Input material:
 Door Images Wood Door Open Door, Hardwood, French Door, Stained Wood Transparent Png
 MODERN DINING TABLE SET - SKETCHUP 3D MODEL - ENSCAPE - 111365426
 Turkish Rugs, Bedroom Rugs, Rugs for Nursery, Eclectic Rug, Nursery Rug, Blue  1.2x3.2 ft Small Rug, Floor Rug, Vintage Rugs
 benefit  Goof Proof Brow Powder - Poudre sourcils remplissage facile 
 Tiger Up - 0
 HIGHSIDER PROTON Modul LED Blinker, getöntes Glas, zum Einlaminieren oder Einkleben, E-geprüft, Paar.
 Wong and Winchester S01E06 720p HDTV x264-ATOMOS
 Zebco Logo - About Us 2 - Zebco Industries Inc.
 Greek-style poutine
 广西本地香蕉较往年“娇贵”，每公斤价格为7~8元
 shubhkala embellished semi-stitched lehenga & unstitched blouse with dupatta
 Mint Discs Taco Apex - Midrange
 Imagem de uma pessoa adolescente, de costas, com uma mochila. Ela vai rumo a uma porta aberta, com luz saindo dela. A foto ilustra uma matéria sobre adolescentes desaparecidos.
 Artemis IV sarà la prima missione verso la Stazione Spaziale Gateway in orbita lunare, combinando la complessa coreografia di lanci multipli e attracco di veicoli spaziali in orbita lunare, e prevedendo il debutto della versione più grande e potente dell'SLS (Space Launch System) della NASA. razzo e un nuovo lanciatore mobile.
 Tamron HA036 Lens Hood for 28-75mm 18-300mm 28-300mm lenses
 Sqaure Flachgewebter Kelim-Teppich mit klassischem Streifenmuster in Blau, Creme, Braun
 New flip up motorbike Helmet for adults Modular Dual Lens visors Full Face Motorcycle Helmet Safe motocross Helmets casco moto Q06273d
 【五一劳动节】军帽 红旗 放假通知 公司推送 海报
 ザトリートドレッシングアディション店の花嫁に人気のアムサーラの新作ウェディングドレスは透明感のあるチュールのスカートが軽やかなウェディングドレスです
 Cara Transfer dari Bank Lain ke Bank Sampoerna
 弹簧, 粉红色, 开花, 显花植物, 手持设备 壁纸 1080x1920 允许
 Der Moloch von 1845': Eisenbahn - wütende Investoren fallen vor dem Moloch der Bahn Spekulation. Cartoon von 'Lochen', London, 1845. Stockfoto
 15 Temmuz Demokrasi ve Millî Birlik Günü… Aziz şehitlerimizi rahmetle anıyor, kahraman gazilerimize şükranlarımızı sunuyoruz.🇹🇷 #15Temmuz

Exercise brief:
Which of the lines above carry the string "Lens"? Pick them out and copy them.

Solution below:
 Tamron HA036 Lens Hood for 28-75mm 18-300mm 28-300mm lenses
 New flip up motorbike Helmet for adults Modular Dual Lens visors Full Face Motorcycle Helmet Safe motocross Helmets casco moto Q06273d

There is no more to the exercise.